**What this task involves:** The answer must be an exact copy of the lines from the one with "prestige team dealer" through the final line below, with no pictures and nothing else.

**Provided data:**
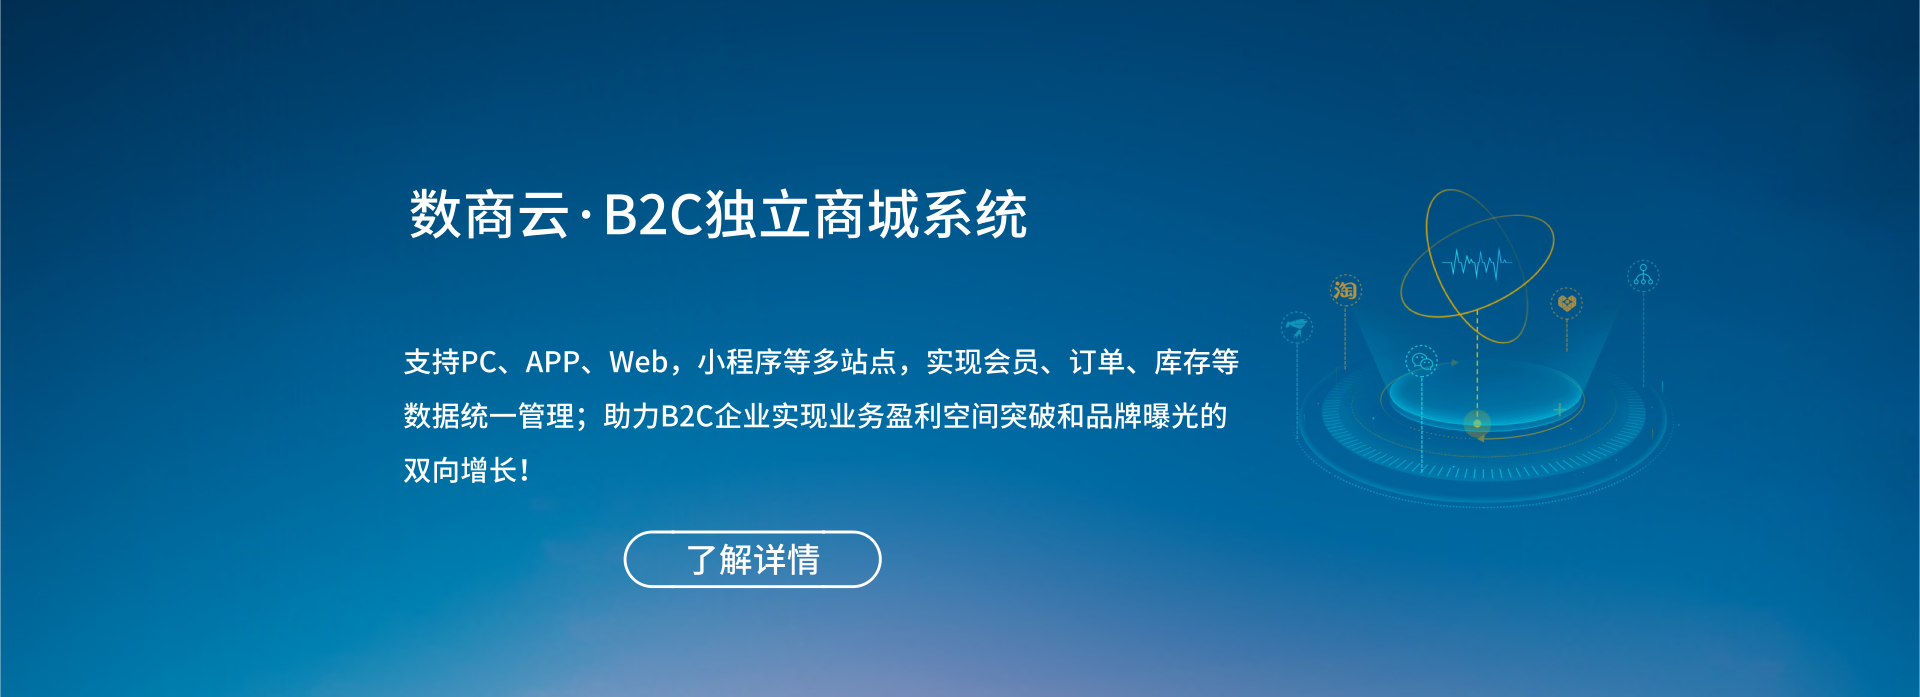 B2C商城网站系统
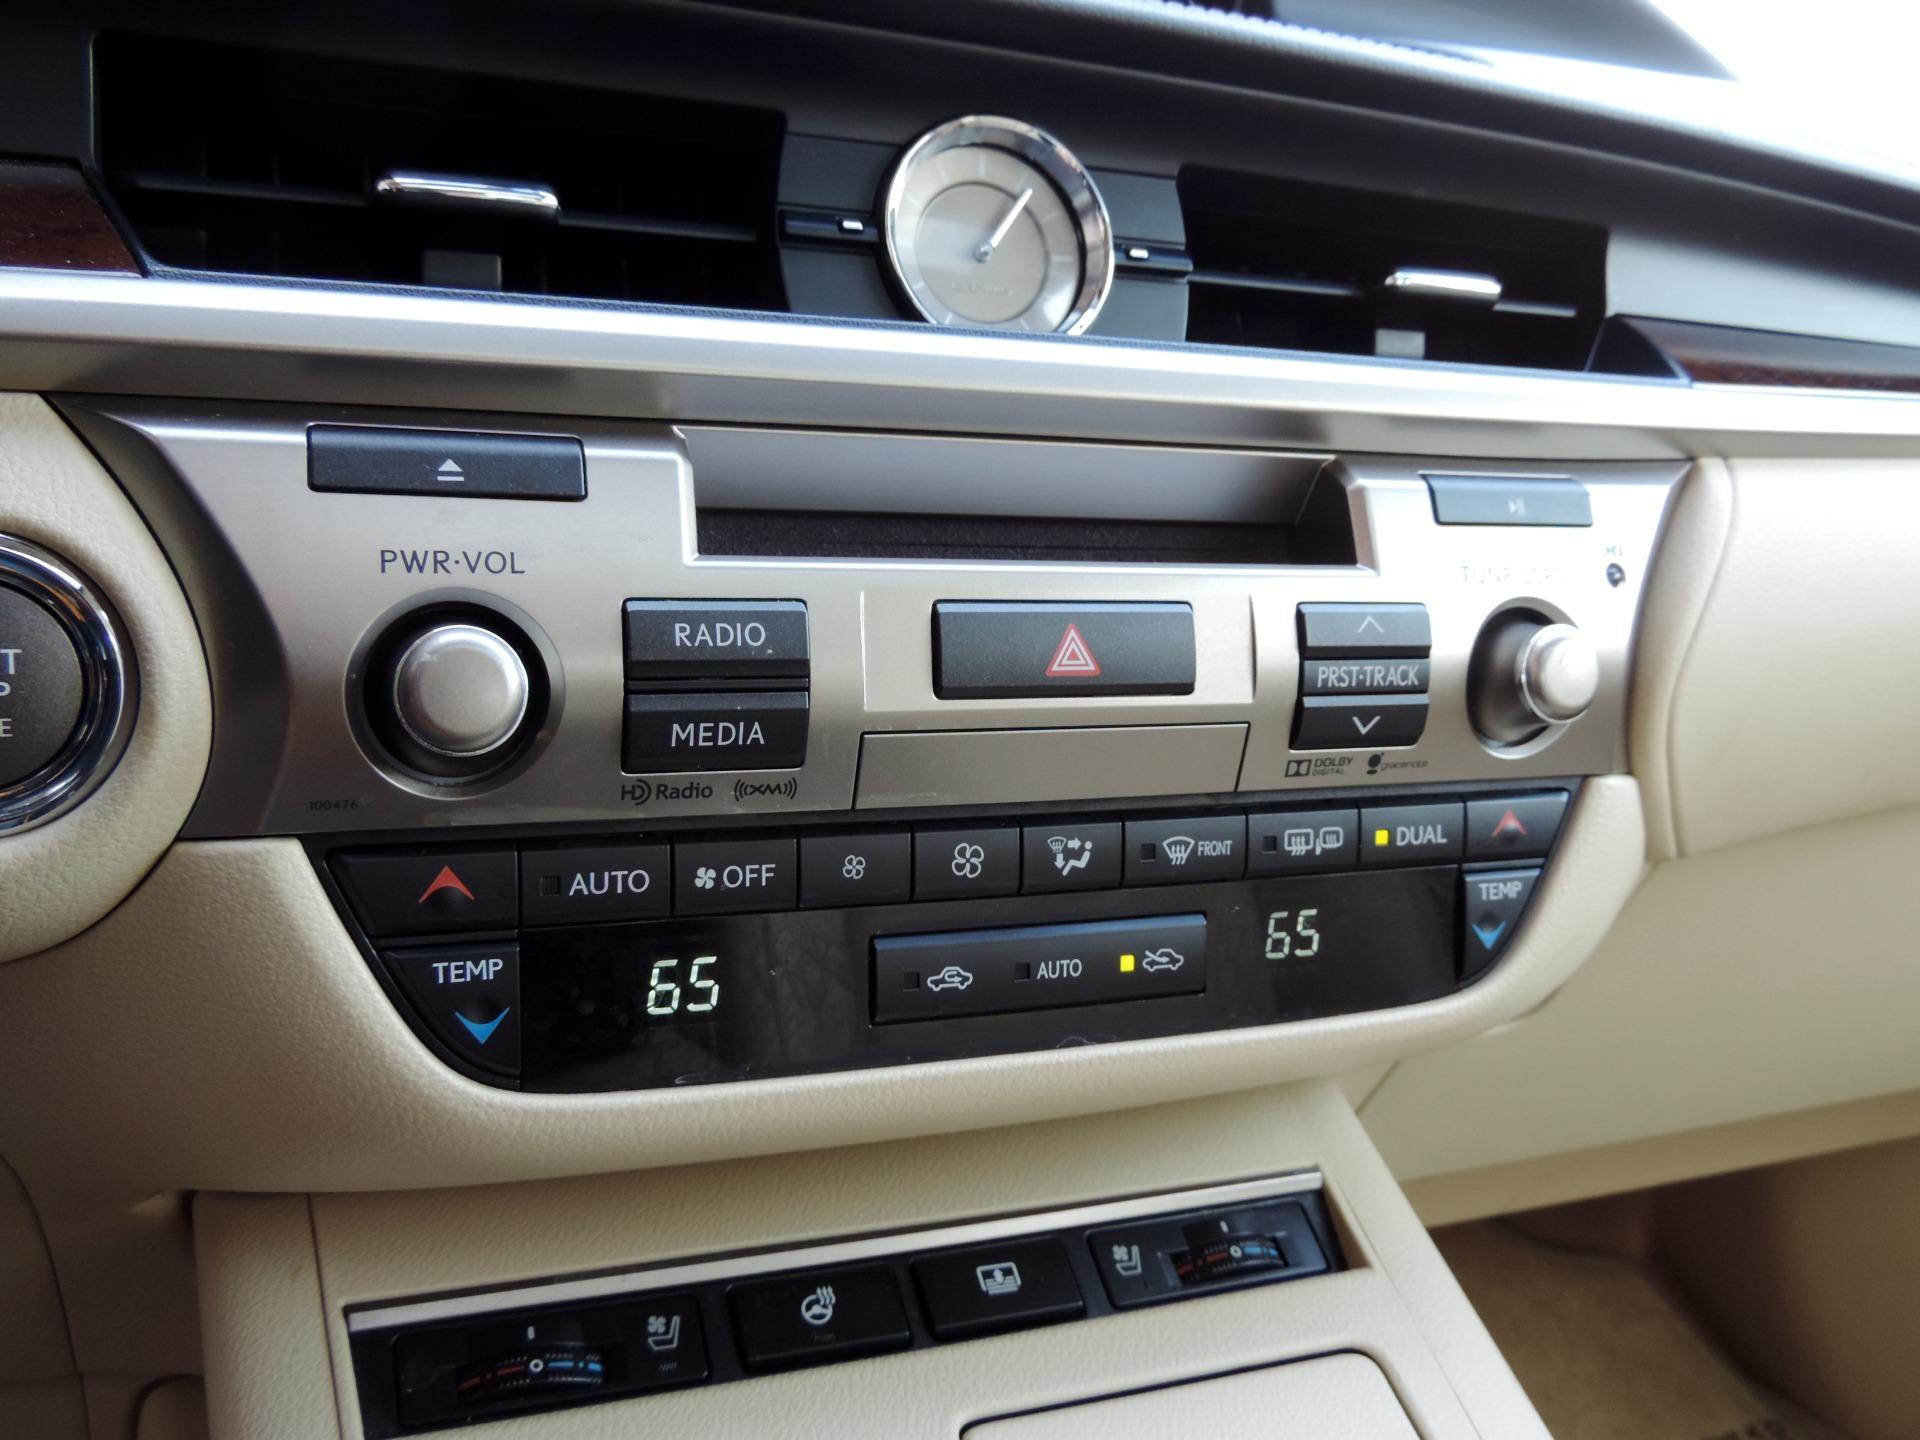 prestige team dealer a korean ramsey of meet car lexus nj and sales dealers is new in our
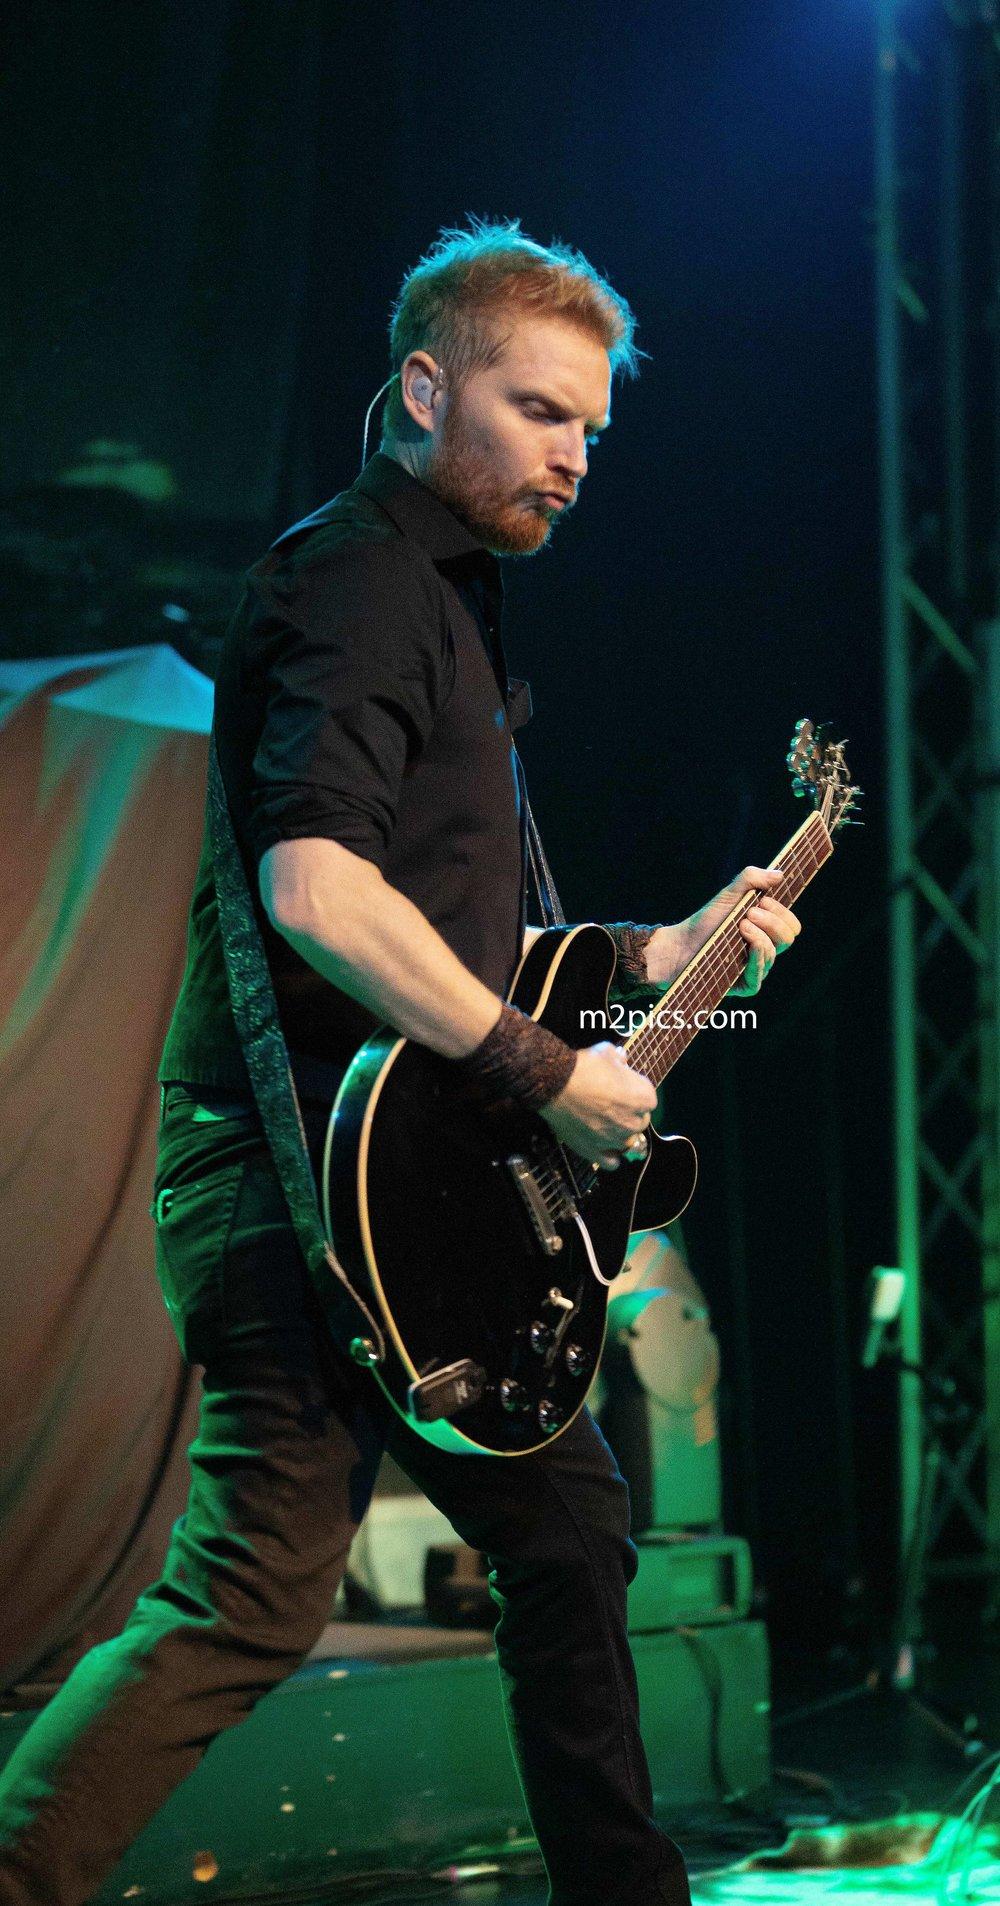 Jonny Fox. Photo by Mirjana Simeunovich

**Answer to the exercise:**
 prestige team dealer a korean ramsey of meet car lexus nj and sales dealers is new in our
 Jonny Fox. Photo by Mirjana Simeunovich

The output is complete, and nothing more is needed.